A new breed of notebooks is taking data visualization and collaborative functionality to the next level, with spreadsheet simplicity.
Cartoon showing two pencils either side of a notepad with graph lines on it. The ends of the pencils form interactive sliders.

Illustration by The Project Twins

This year marks ten years since the launch of the IPython Notebook. The open-source tool, now known as the Jupyter Notebook, has become an exceedingly popular piece of data-science kit, with millions of notebooks deposited to the GitHub code-sharing site.
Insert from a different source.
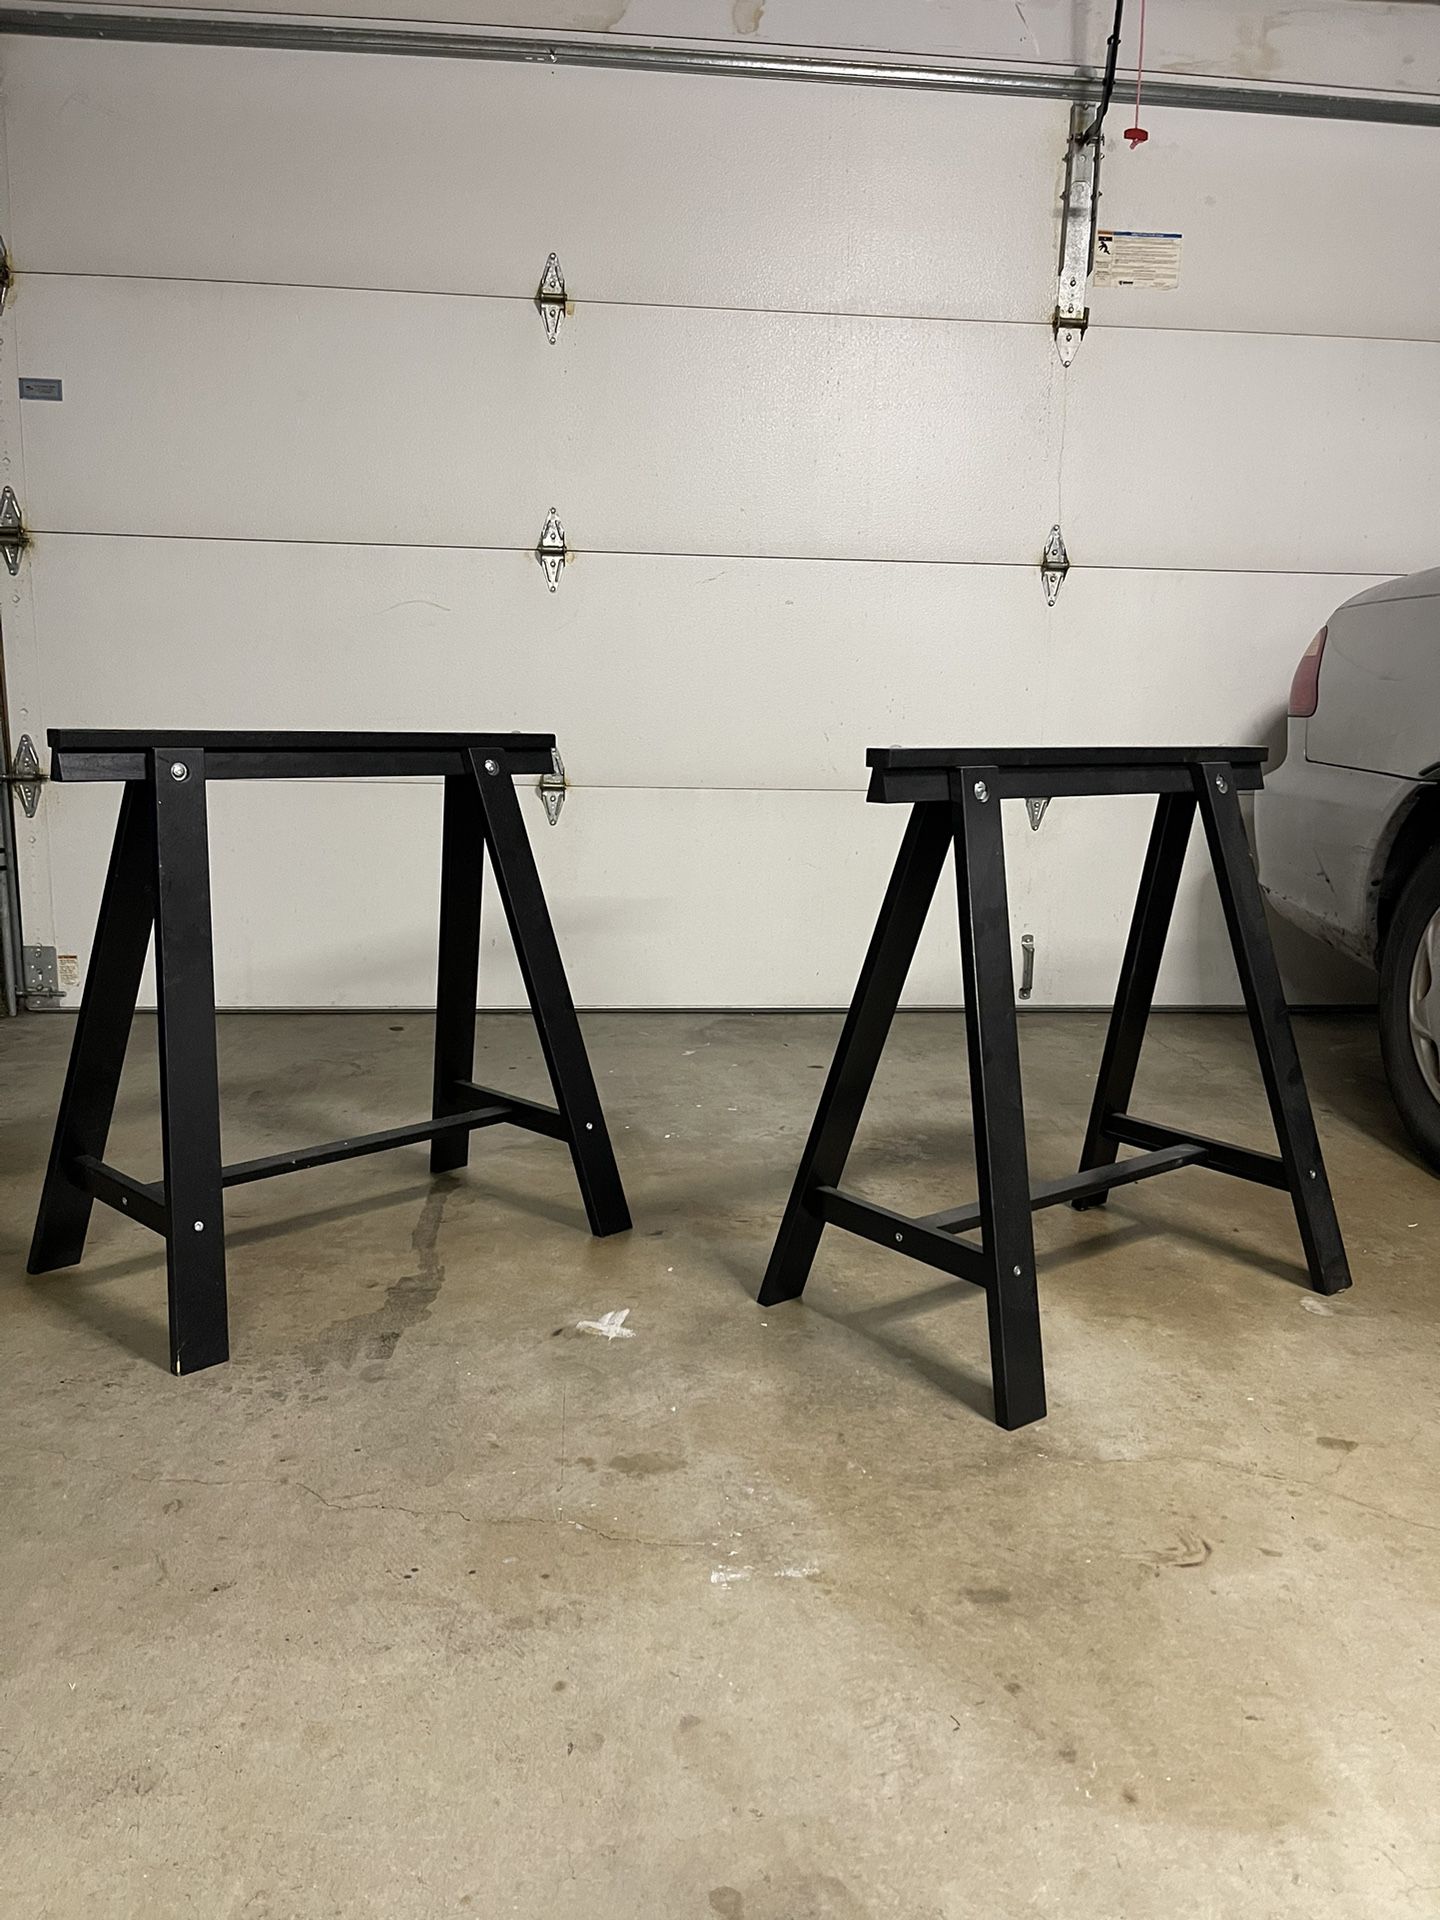 Legs For Table Or Surface

Computational notebooks combine code, results, text and images in a single document, yielding what Stephen Wolfram, creator of the Mathematica software package, has called a “computational essay”. And whether written using Jupyter, Mathematica, RStudio or any other platform, researchers can use them for iterative data exploration, communication, teaching and more.

But computational notebooks can also be confusing and foster poor coding practices. And they are difficult to share, collaborate on and reproduce. A 2019 study found that just 24% of 863,878 publicly available Jupyter notebooks on GitHub could be successfully re-executed, and only 4% produced the same results (J. F. Pimentel et al. in 2019 IEEE/ACM 16th International Conference on Mining Software Repositories (MSR) 507–517; IEEE, 2019).

“Notebooks are messy,” says Anita Sarma, a computer scientist at Oregon State University in Corvallis who studies human–computer interaction. “You write stuff, you keep old crusty code behind, and it’s hard to kind of figure out which cells to execute in which order, because you were trying different things.”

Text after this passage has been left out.